May our eyes indeed be opened and our courage unleashed, as we too see and do “much mo’ bettah” indeed!

From a communion meditation offered at First Christian Church (Disciples of Christ), Tacoma, Washington, October 7, 2018.  My thanks to Sr. Pastor Barbara Blaisdell for the invitation to preside at the Table.

Or The Honor of the Action is Lost….

Sixteen years ago, when Barbara and I were on vacation in Hawaii, Honolulu Advertiser columnist Lee Cataluna published a piece (August 2, 2002) that has stayed with me to this day.  Entitled “No Name, No Blame, No Shame,” it is powerfully written (even if I might have chosen a less pugilistic image) and her point is true for both churchly and civic life.  (I used to use this article when, as Regional Minister, I would orient Pastoral Relations Committees, reminding them of the damage that anonymous complaints do to pastor and congregation and to be firm in a policy that anonymous complaints would neither be tolerated nor responded to).  Consider Cataluna’s words:

The pen is mightier than the sword. There is much good that can be accomplished by a thoughtfully composed letter. It can be the beginning of positive social change, the wake‑up call somebody needed, the whistle calling a foul.

But there is an important caveat: You have to sign your name. If not, the honor of the action is lost.

There’s a reason why the written word is compared to a sword, the weapon of gallantry, the weapon of skill and precision, the choice of a brave warrior. When you fight with a sword, you must look your opponent in the eye. You must let yourself be revealed, vulnerabilities and all. You must be willing to subject yourself to counter‑attack by your foe. It is a noble way of doing battle.

Writing that is anonymous is more like a sniper hiding in the bushes, more like a bomb hidden under a parked car, more like terrorism. It is cowardly, no matter the original intent, no matter the validity of the letter’s content.
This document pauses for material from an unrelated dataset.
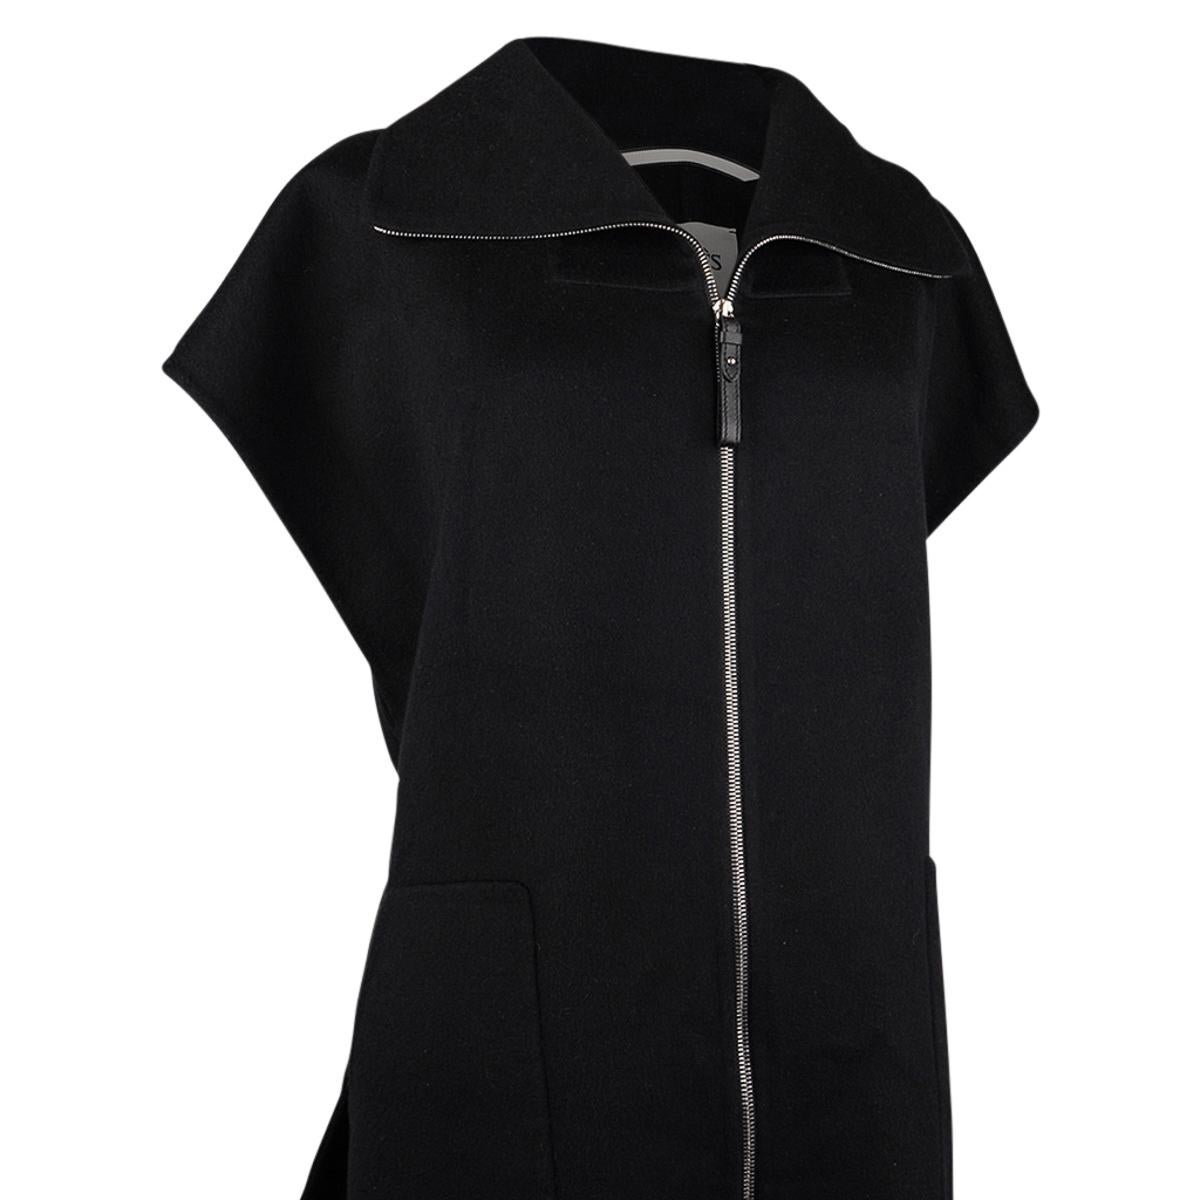 Hermes Short Vest Black Zip Double Face Cashmere 38 / 6 For Sale 6
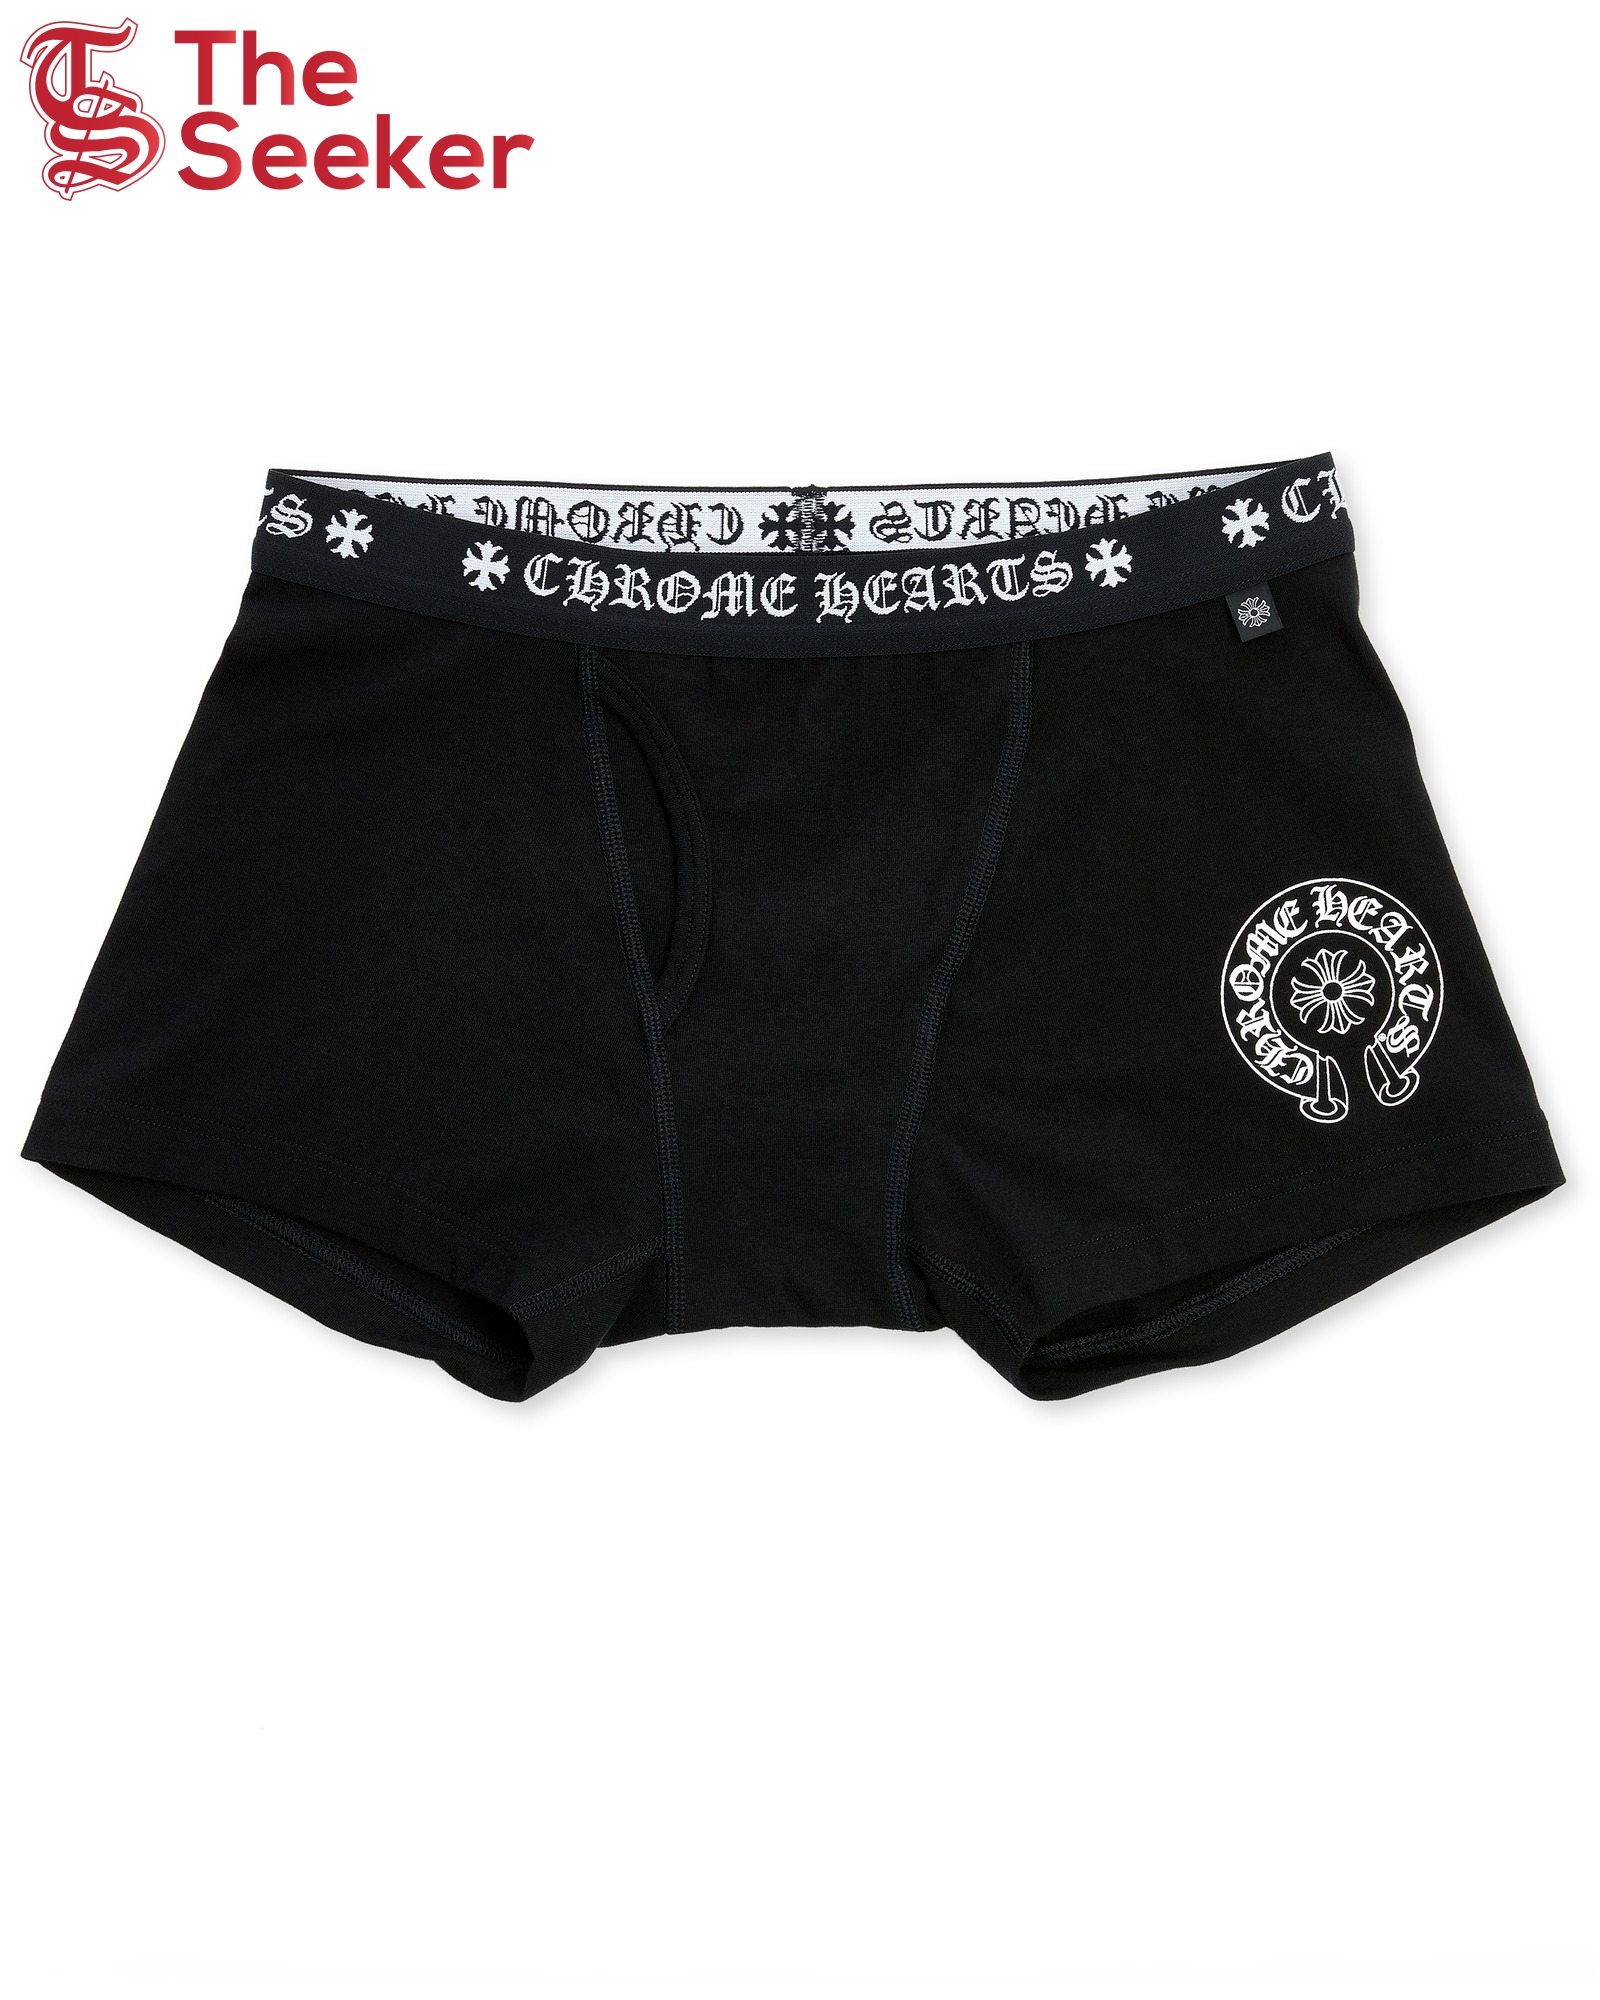 Chrome Hearts Boxer Brief Shorts Black/White

People who send unsigned complaint letters, hate mail, critiques or exposés often include a line that says, “I don’t want to sign my name for fear of retribution.” They’re willing to lob a grenade into someone else’s life, be it righteous or malicious or vengeful, but they want to drive off into the night unseen and unaffected. If you aren’t willing to stand by your accusations, come what may, then don’t make them.

I thought of Ms. Cataluna’s column upon reading the NY Times anonymous op-ed piece concerning the situation in the White House.  My reaction was two-fold:  First, there was not a thing in that essay that surprised me; everything in it is consistent with everything we know about the President and his malicious, mendacious ways.  But second, I was dismayed that a “Senior White House Official” would use this means of promulgating his or her views.  It cheapens the national conversation.  Moreover, it sidetracks discussion of the real and scary issues, as those who bear responsibility for the immoral and reprehensible policies and practices of this administration can instead fulminate and speculate about the writer.

Ms. Cataluna is right: there is no honor in it.  It hurts the cause of those working to thwart this administration’s immorality.  It takes the spotlight away from the sham Supreme Court hearings and the fecklessness of those Republican senators who are willing to occasionally sound “tough” but, as James Fallows eloquently points out,  who will DO nothing to stop this depredation about the be visited on the Court.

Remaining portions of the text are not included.